Actually the DB was created manually by our Architech from AWS lakeformation console, creating first the gov database, then the non-prefix db and then resource link between them both. So its a lakeformation managed database, not native Glue database

doctormohamed commented 1 week ago

To clarify, the "gov-demo_fs" database is Lakeformation managed, the other database is "demo_fs" is a Glue native database.

image

kevinjqliu commented 1 week ago

Very odd to see this behavior...

It seems like the issue is around create_table / load_table

https://github.com/apache/iceberg-python/blob/a6cd0cf325b87b360077bad1d79262611ea64424/pyiceberg/catalog/glue.py#L391-L405

https://github.com/apache/iceberg-python/blob/a6cd0cf325b87b360077bad1d79262611ea64424/pyiceberg/catalog/glue.py#L524

Can you try stepping through the calls and see where the gov- prefix is returned?

It's odd to me that we called glue with one namespace/database and another one is returned.

doctormohamed commented 6 days ago

Ok I found the issue, it is in :

    def _get_glue_table(self, database_name: str, table_name: str) -> TableTypeDef:
        try:
            load_table_response = self.glue.get_table(DatabaseName=database_name, Name=table_name)
            return load_table_response["Table"]
        except self.glue.exceptions.EntityNotFoundException as e:
            raise NoSuchTableError(f"Table does not exist: {database_name}.{table_name}") from e

It returns the following:

{'Name': 'demo_table_20240620_pyiceberg',
 'DatabaseName': 'gov-dev_demo_fs',
 'CreateTime': datetime.datetime(2024, 6, 21, 13, 6, 10, tzinfo=tzlocal()),
 'UpdateTime': datetime.datetime(2024, 6, 25, 14, 21, 36, tzinfo=tzlocal()),
 'Retention': 0,
 'StorageDescriptor': {'Columns': [{'Name': 'col_1',
    'Type': 'bigint',
    'Parameters': {'iceberg.field.current': 'true',
     'iceberg.field.id': '1',
     'iceberg.field.optional': 'true'}},
   {'Name': 'col_2',
    'Type': 'string',
    'Parameters': {'iceberg.field.current': 'true',
     'iceberg.field.id': '2',
     'iceberg.field.optional': 'true'}}],
  'Location': ',
  'Compressed': False,
  'NumberOfBuckets': 0,
  'SortColumns': [],
  'StoredAsSubDirectories': False},
 'TableType': 'EXTERNAL_TABLE',
 'Parameters': {'metadata_location': '',
  'previous_metadata_location': '',
  'table_type': 'ICEBERG'},
 'CreatedBy': '',
 'IsRegisteredWithLakeFormation': False,
 'CatalogId': '',
 'VersionId': '3'}
kevinjqliu commented 6 days ago

What did you call the _get_glue_table function with?

self._get_glue_table(database_name=database_name, table_name=table_name)

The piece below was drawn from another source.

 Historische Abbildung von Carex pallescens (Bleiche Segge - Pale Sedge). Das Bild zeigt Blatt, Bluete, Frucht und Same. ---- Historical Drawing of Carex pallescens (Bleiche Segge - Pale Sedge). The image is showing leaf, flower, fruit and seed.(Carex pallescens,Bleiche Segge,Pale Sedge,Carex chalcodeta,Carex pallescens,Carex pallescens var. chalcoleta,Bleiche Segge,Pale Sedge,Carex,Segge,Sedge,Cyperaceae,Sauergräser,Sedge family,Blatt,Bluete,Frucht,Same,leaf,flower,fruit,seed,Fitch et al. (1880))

Is the issue here that we're calling _get_glue_table with

database = 'demo_fs'
table_name = 'demo_table_20240620_pyiceberg1'

but glue returns back

'Name': 'demo_table_20240620_pyiceberg',
 'DatabaseName': 'gov-dev_demo_fs',
doctormohamed commented 6 days ago

What did you call the _get_glue_table function with?

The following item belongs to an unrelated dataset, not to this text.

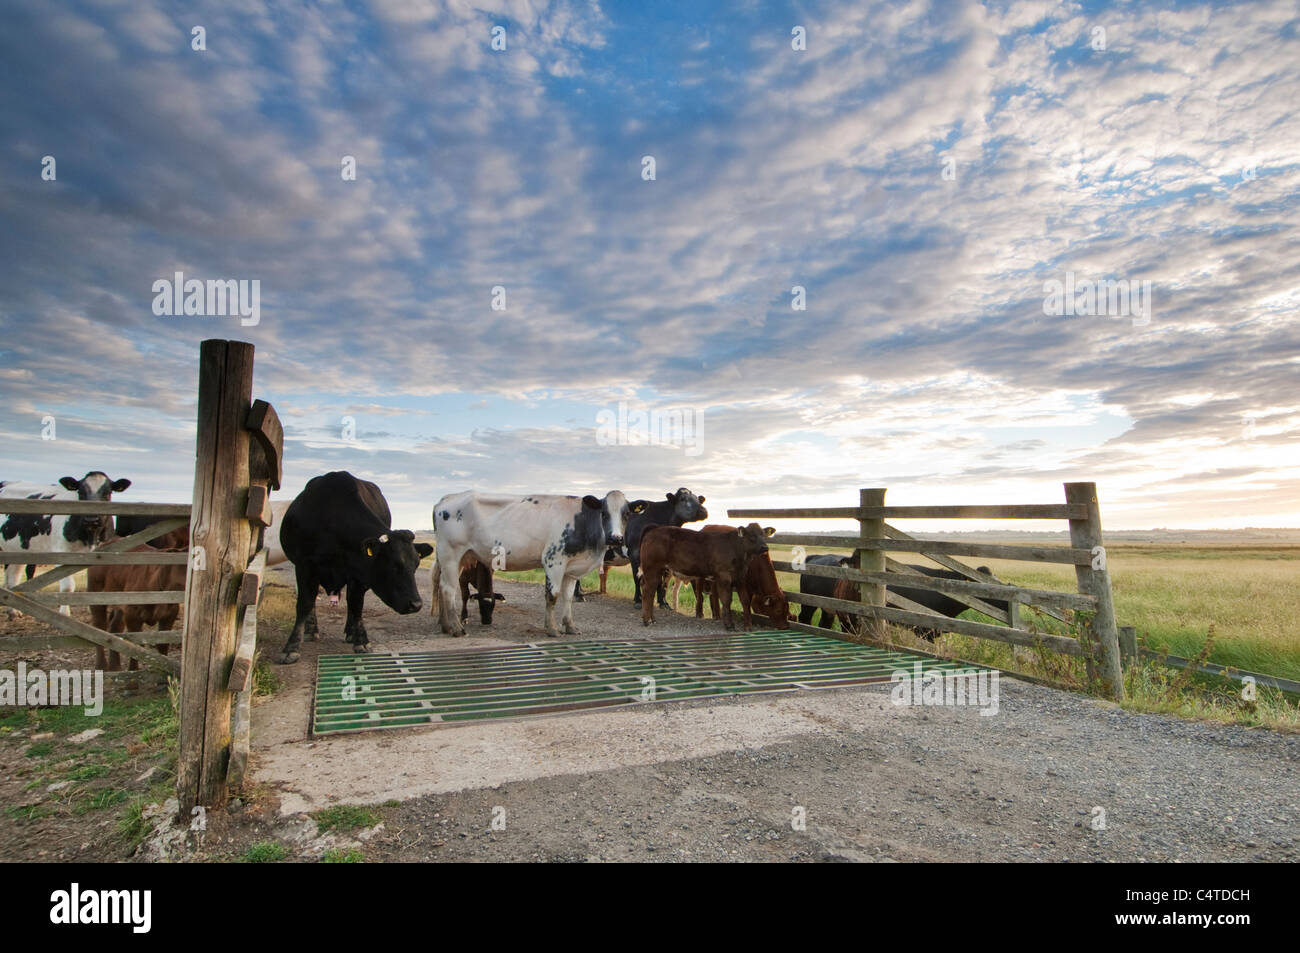 Debout à côté du bétail bétail profil au lever du soleil, les marais, Elmley Marais nord du Kent, à l'île de Sheppey, Kent, Angleterre, juillet Banque D'Images

self._get_glue_table(database_name=database_name, table_name=table_name)

Is the issue here that we're calling _get_glue_table with

database = 'demo_fs'
table_name = 'demo_table_20240620_pyiceberg1'

but glue returns back

'Name': 'demo_table_20240620_pyiceberg',
 'DatabaseName': 'gov-dev_demo_fs',

Yes, here is my code:

import pyiceberg.catalog

glue_catalog = 'AwsGlueCatalog'
catalog = pyiceberg.catalog.load_catalog(
    glue_catalog, **{"type": "glue"}
)
database = 'dev_demo_fs'
table_name = 'demo_table_20240620_pyiceberg'

table = catalog.load_table(f'{database}.{table_name}')
doctormohamed commented 6 days ago

And I see that _get_glue_table is used in two functions:

glue.py: _commit_table() glue.py: load_table()

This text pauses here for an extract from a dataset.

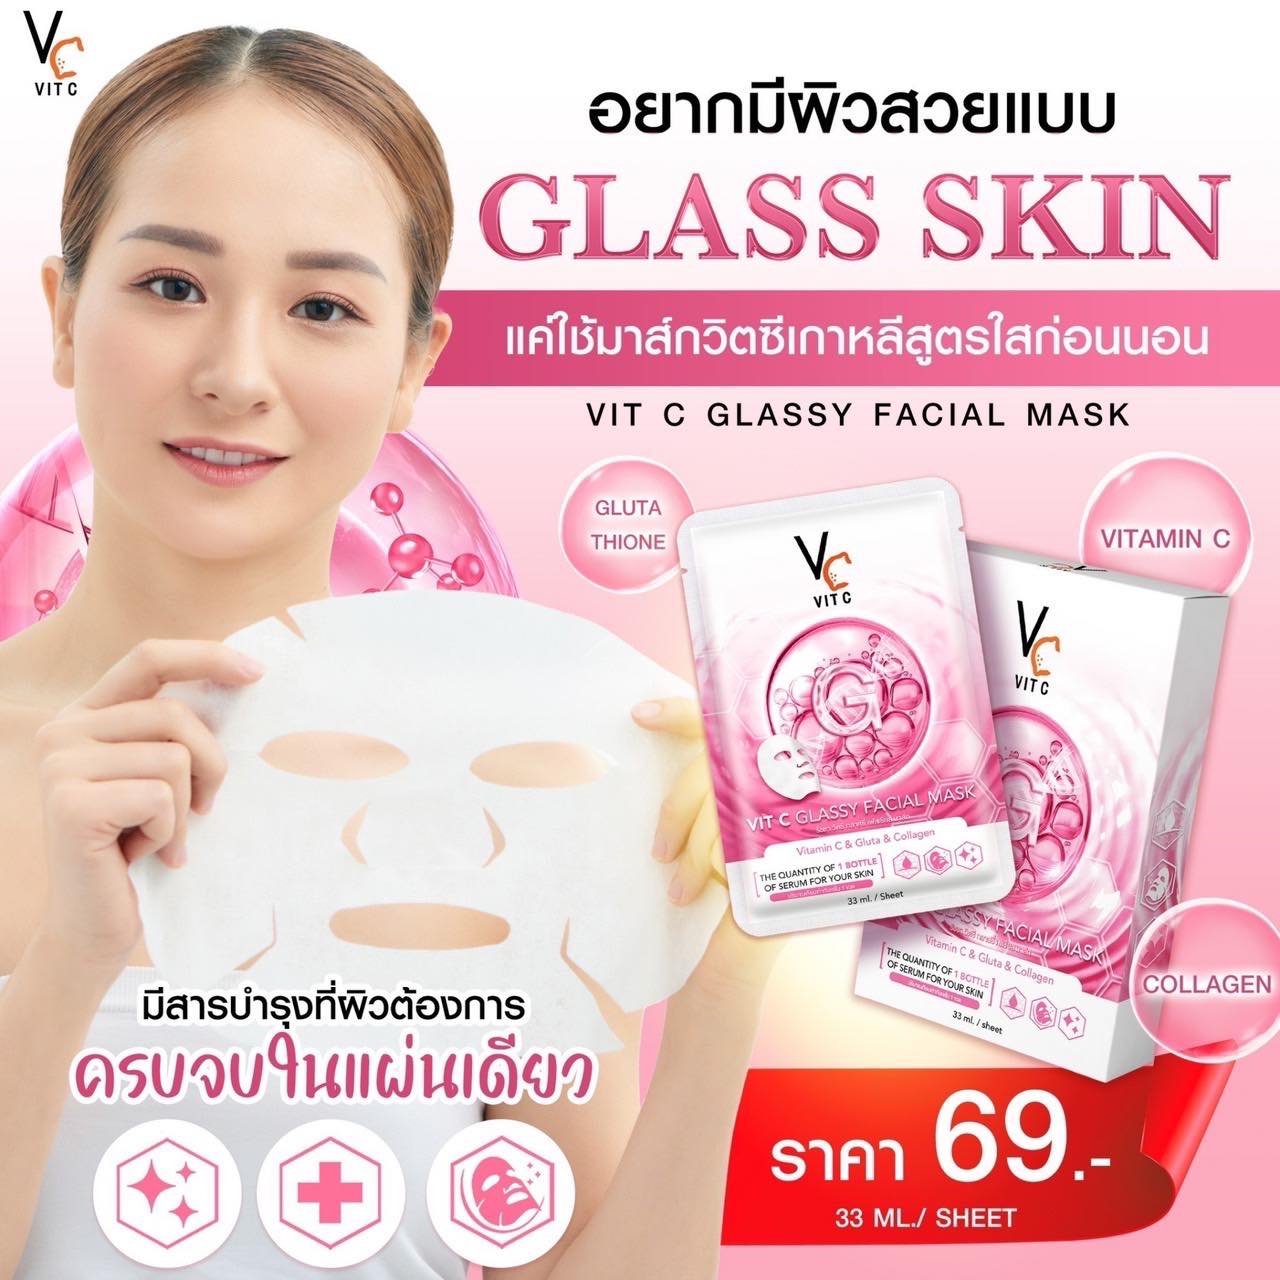 VC Vit C Glassy Facial Mask

kevinjqliu commented 6 days ago
self.glue.get_table(DatabaseName=database_name, Name=table_name)

get_table is a glue function from botocore. I think this is an issue with Glue. Is there a place to raise Glue related issues?

geruh commented 5 days ago

This could be a LakeFormation permission issue. The caller should technically have full table access if they made the create table request. But that requires them to be a data lake admin. Can you verify if the AWS user/role making this request has the right permissions in Lake Formation?

Furthermore, you should be able to grant the caller select/insert access on this table after its creation to mitigate the issue.